RECORDS SUPPLIED:
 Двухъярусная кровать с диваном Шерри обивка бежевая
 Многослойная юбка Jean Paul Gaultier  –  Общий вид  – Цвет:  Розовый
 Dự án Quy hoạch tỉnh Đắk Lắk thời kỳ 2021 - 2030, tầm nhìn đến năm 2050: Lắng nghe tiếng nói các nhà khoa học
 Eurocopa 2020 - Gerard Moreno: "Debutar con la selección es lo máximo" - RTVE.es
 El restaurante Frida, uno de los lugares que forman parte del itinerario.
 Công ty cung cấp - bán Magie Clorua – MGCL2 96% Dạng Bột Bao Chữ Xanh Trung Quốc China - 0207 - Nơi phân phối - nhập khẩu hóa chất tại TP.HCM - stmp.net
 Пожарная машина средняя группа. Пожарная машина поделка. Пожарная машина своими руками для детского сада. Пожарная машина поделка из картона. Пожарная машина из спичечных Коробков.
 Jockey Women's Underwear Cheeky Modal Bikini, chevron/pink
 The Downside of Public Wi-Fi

WHAT THE TASK REQUIRES: Lines from the one containing "Jockey Women's Underwear" through the last line of the listing are to be restated word for word; no other line may appear.

WORKED SOLUTION:
 Jockey Women's Underwear Cheeky Modal Bikini, chevron/pink
 The Downside of Public Wi-Fi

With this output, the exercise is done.